▶ **TASK REQUIREMENTS**
Without the images, repeat every line of the listing verbatim.

▶ **DATA BLOCK**
^^^^
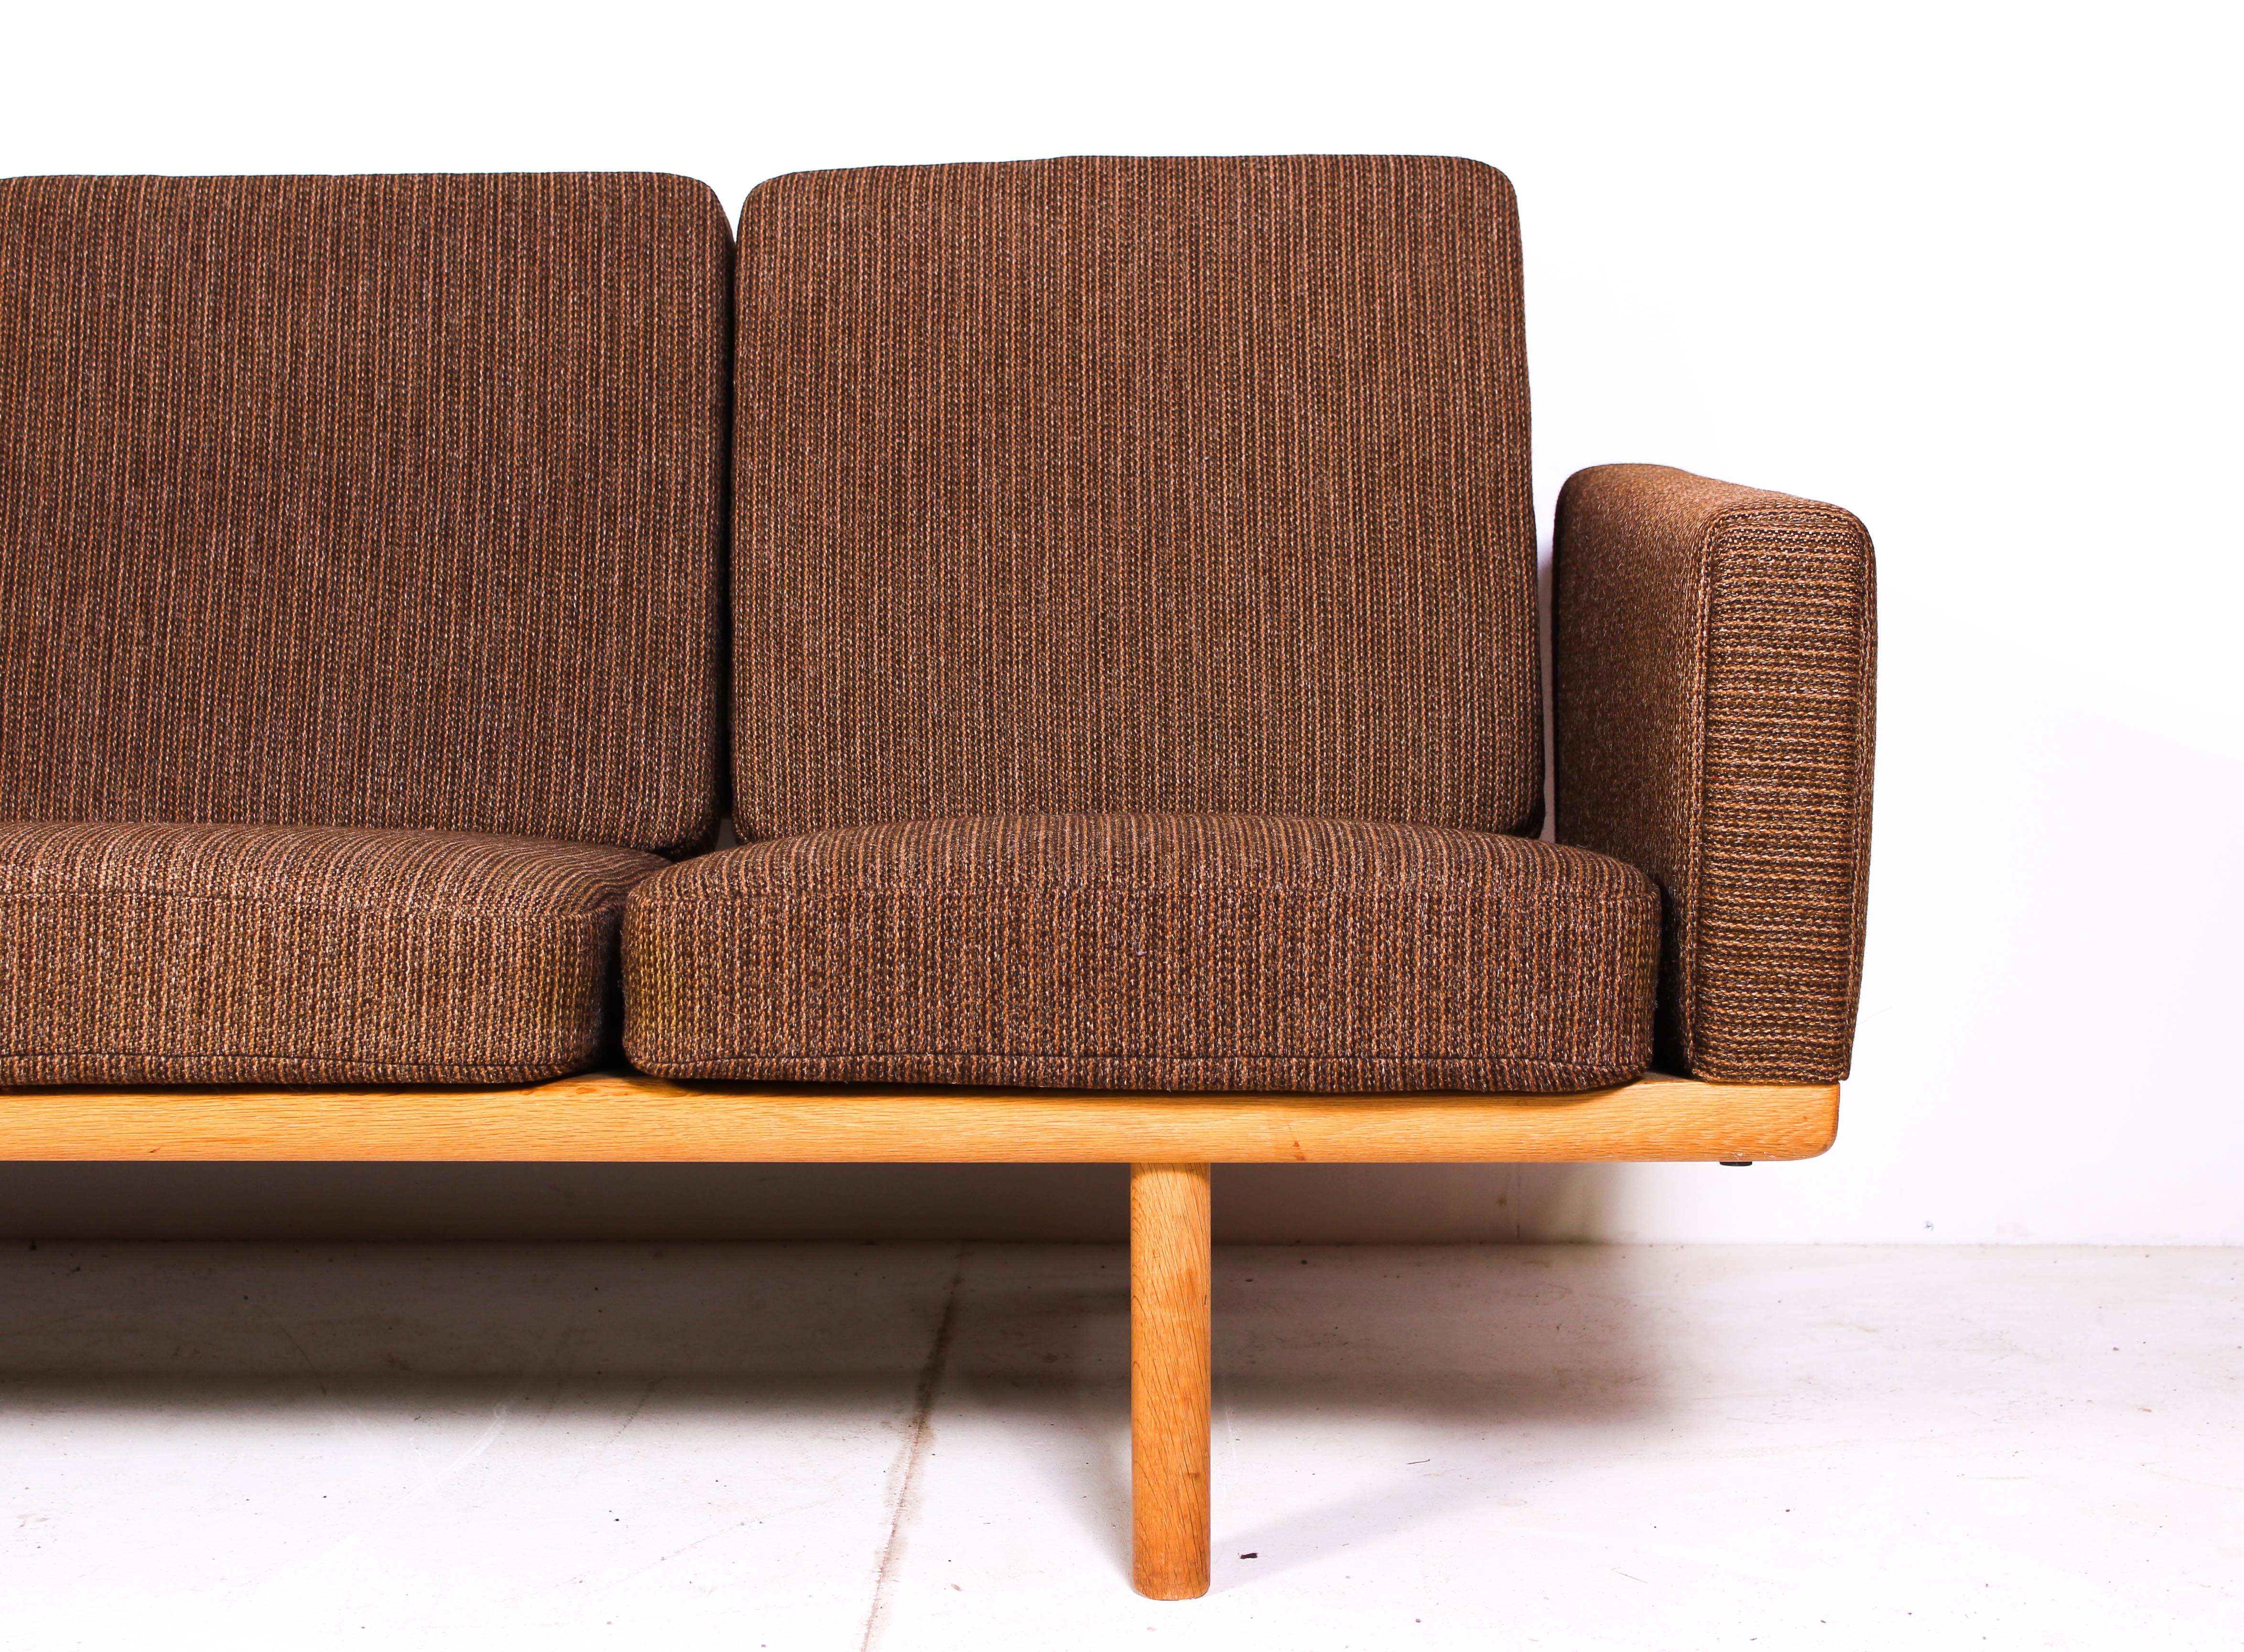 Danish Midcentury Hans J Wegner GE-236/4 Oak Sofa by GETAMA For Sale
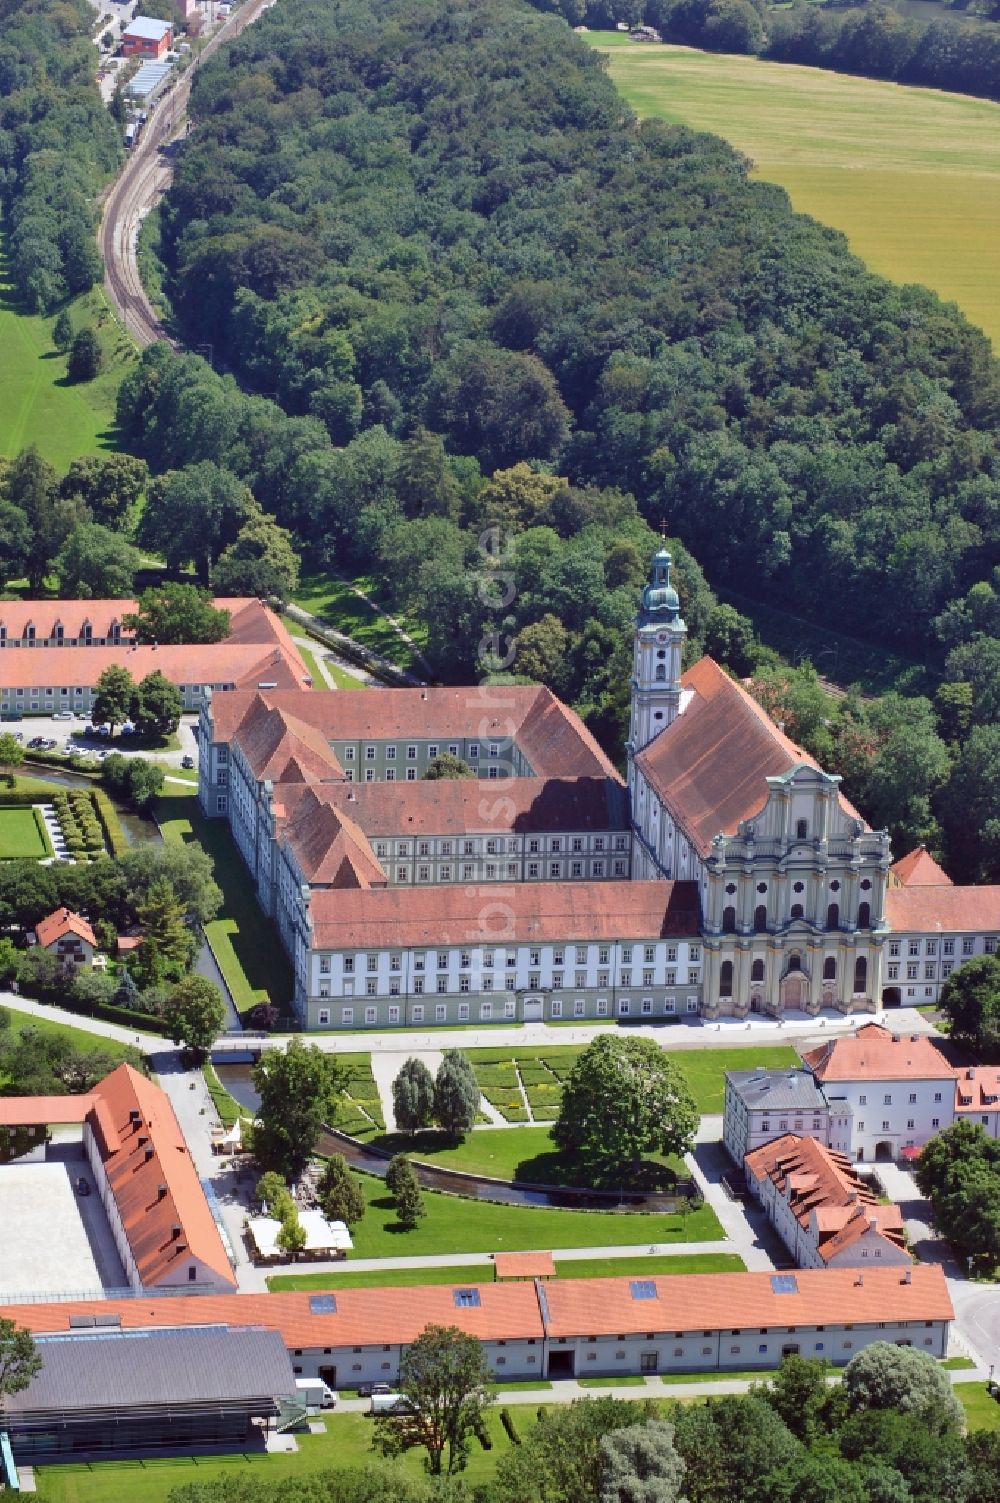 Luftbild Fürstenfeldbruck - Gebäudekomplex von Kloster Fürstenfeld bei Fürstenfeldbruck im Bundesland Bayern, Deutschland
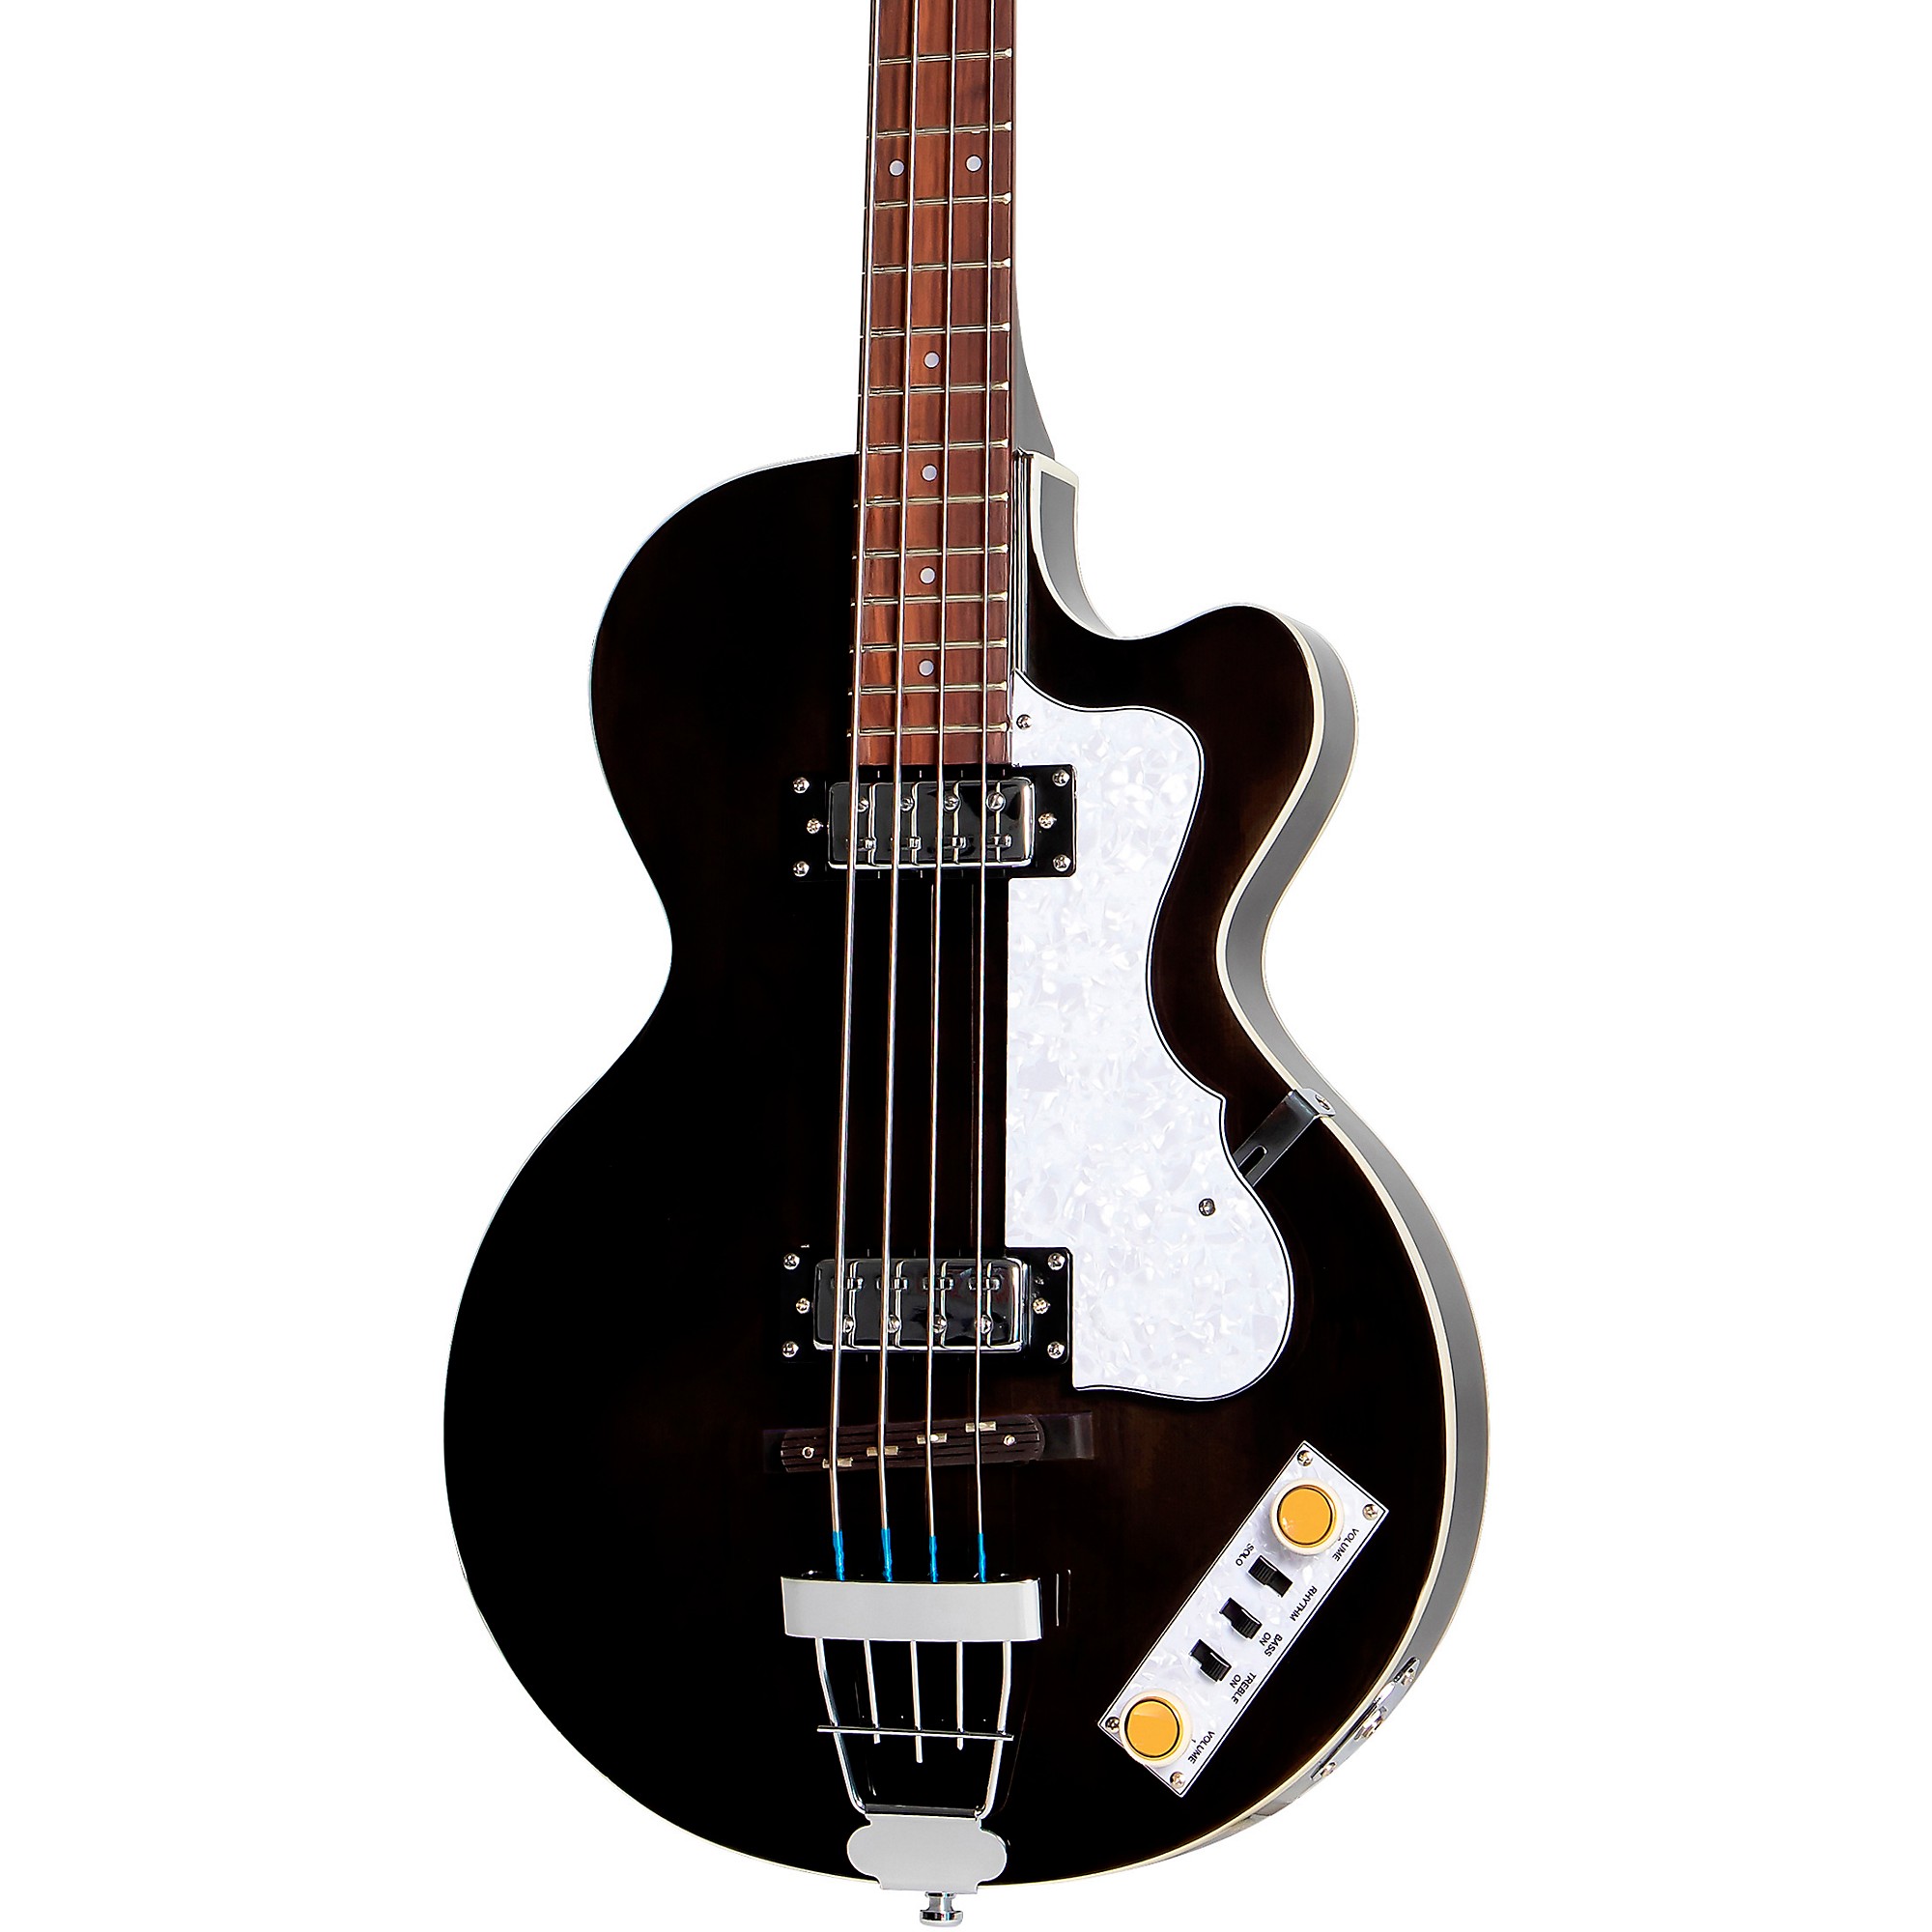 Клубный бас-гитара Hofner Ignition Series с короткими мензурами, черный цвет
^^^^
▶ **RESPONSE BOX**
 Danish Midcentury Hans J Wegner GE-236/4 Oak Sofa by GETAMA For Sale
 Luftbild Fürstenfeldbruck - Gebäudekomplex von Kloster Fürstenfeld bei Fürstenfeldbruck im Bundesland Bayern, Deutschland
 Клубный бас-гитара Hofner Ignition Series с короткими мензурами, черный цвет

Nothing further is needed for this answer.